Besides contrast material administration, respiration may also dramatically influence scan quality in PE patients, because the dedicated guideline of breathing during computed tomographic scanning is usually hard to follow by patients with suspected massive or submassive PE (
24,
25,
29).
It has been suggested that DAE/MPAE could be obtained more objectively and more reliably than similar previously defined prognostic factors in association with right ventricular dysfunction (
13). We also showed very low inter-observer variation in reporting DAE/MPAE in the present work. On the basis of discussed parameters in association with attenuation of the pulmonary vasculature, however, a considerable variation could be expected with employment of DAE/MPAE as a prognostic factor, as the present study confirmed.
It has been proposed that a mechanical obstruction by the intravascular clot is not the sole contributor to pulmonary vascular resistance and other factors such as systemic arterial hypoxemia, reflex vasoconstriction and release of vasoactive agents may also come to play (
30). In addition, many clots lodge in small peripheral pulmonary arteries with no significant contribution to overall obstruction in pulmonary vasculature in PE (
31). Therefore, the degree of enhancement of pulmonary vasculature in PE may not reflect actual severity of the obstruction. An insignificant correlation between DAE/MPAE and PAOS in the present work supports this surmise.
Finally, we found a significant reverse correlation between patients’ age and DAE/MPAE. Age is a known risk factor for untoward consequences in patients with PE (
32). In a recent study, our group found age as the only prognostic factor in patients with PE, which was independent of right heart failure and PAOS (
33). In the international cooperative pulmonary embolism registry, age of > 70 years has been suggested as a negative prognostic factor in patients with PE (
34). At the same time, it has been shown that an increasing age aggravates right ventricle (RV) dysfunction (
35). Accordingly, it could be suggested that a significant association between DAE/MPAE and patients’ outcome in PE is only the effect of age. Unfortunately Park et al. did not examine age as a prognostic factor in their study. The mean age of their patients (71.4 years), however, was significantly more than that in the present work (61.7 years) and in Hefeda’s series (56.8 years).
Our sample size is larger than that of the original report (
13), but for more definite prognostic purposes, larger sample sizes should be studied in future works. In addition, although a 3-month follow-up encompasses the critical period in patients with PE (
3), longer follow-ups are needed to fully examine the prognostic importance of DAE/MPAE.

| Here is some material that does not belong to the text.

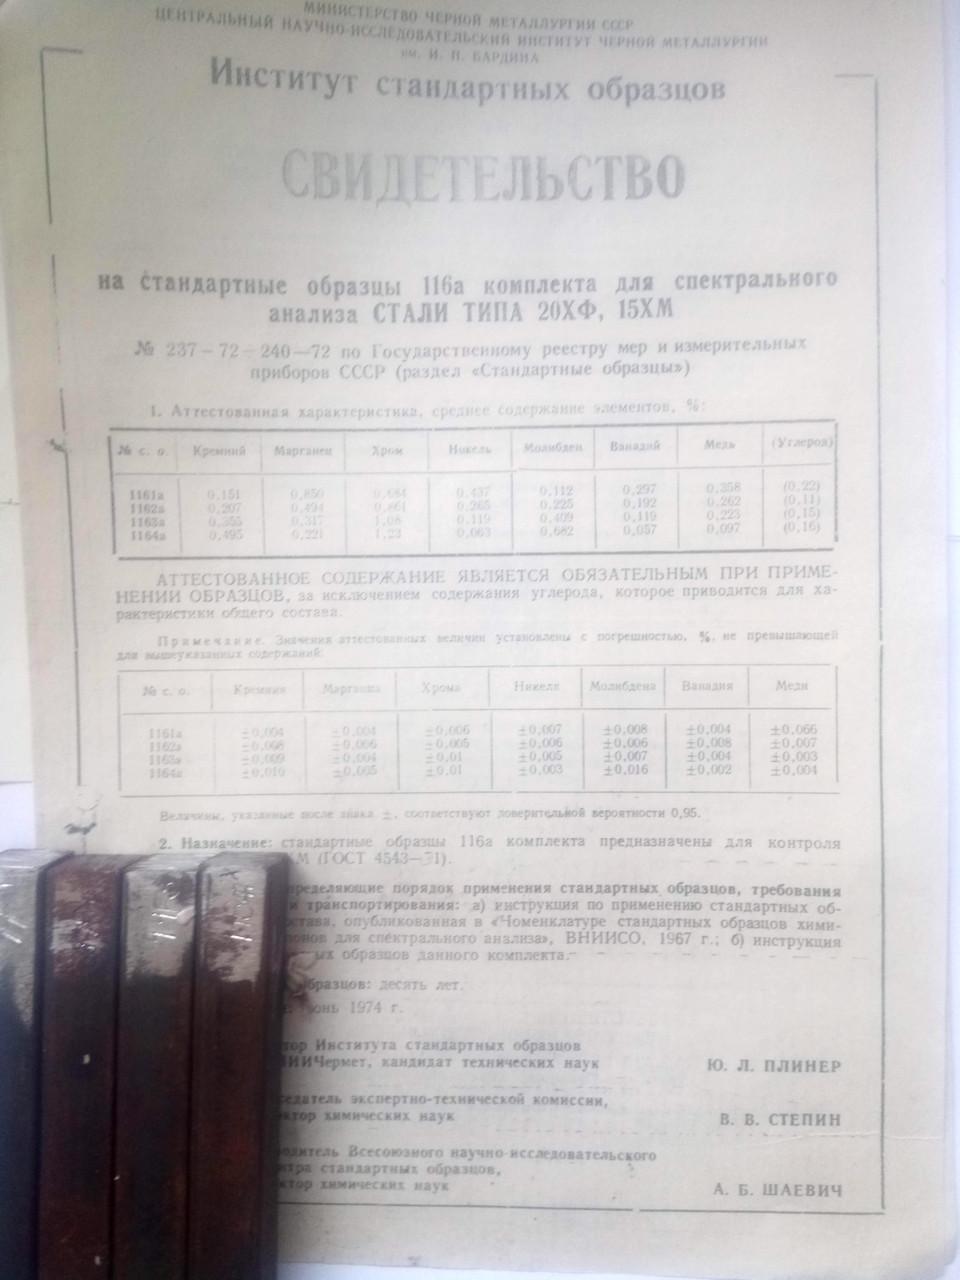 Комплект №116 а,  сталей типа  20ХВ,15ХВ, ГСО237-72-240-72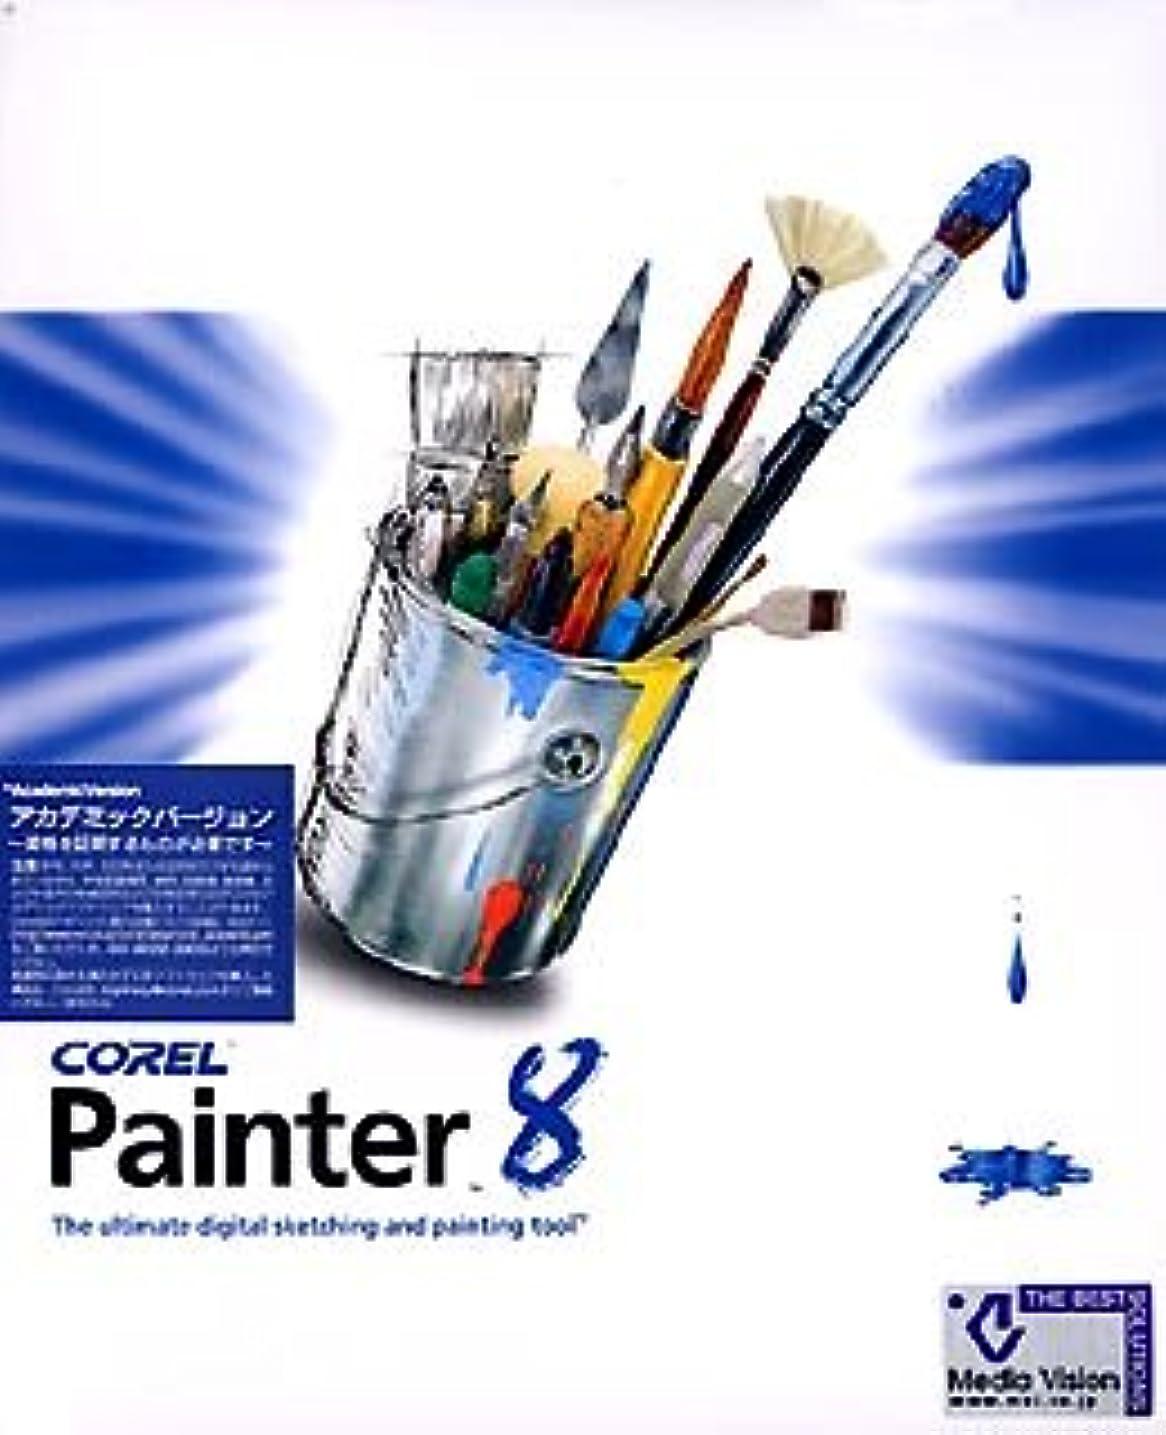 褒賞エンコミウムバリーCorel Painter 8 日本語版 アカデミックバージョン

As mentioned earlier, some pathologies such as air space consolidations, intracardiac shunts, preexisting undiagnosed heart failure, high cardiac output, and obstruction of the superior vena cava may affect the prognostic value of DAE/MPAE in PE. Although many of these conditions are rare, more controlled studies are needed to reach a definite conclusion in this regard.
Finally, accurate separation of PE-related and unrelated complications/death is impossible and this may limit drawing a solid conclusion in examining the prognostic value of DAE/MPAE in PE. It should be noted, however, that in the present study we showed significant associations between the extent (and severity) of PE and PE-related complications/mortality, which may, at least partly, confirm the accuracy of proposing those outcome variables as PE-related ones.
In summary, this study showed that DAE/MPAE on PCTA could not be considered as a reliable short-term prognostic factor in patients with massive or sub-massive PE.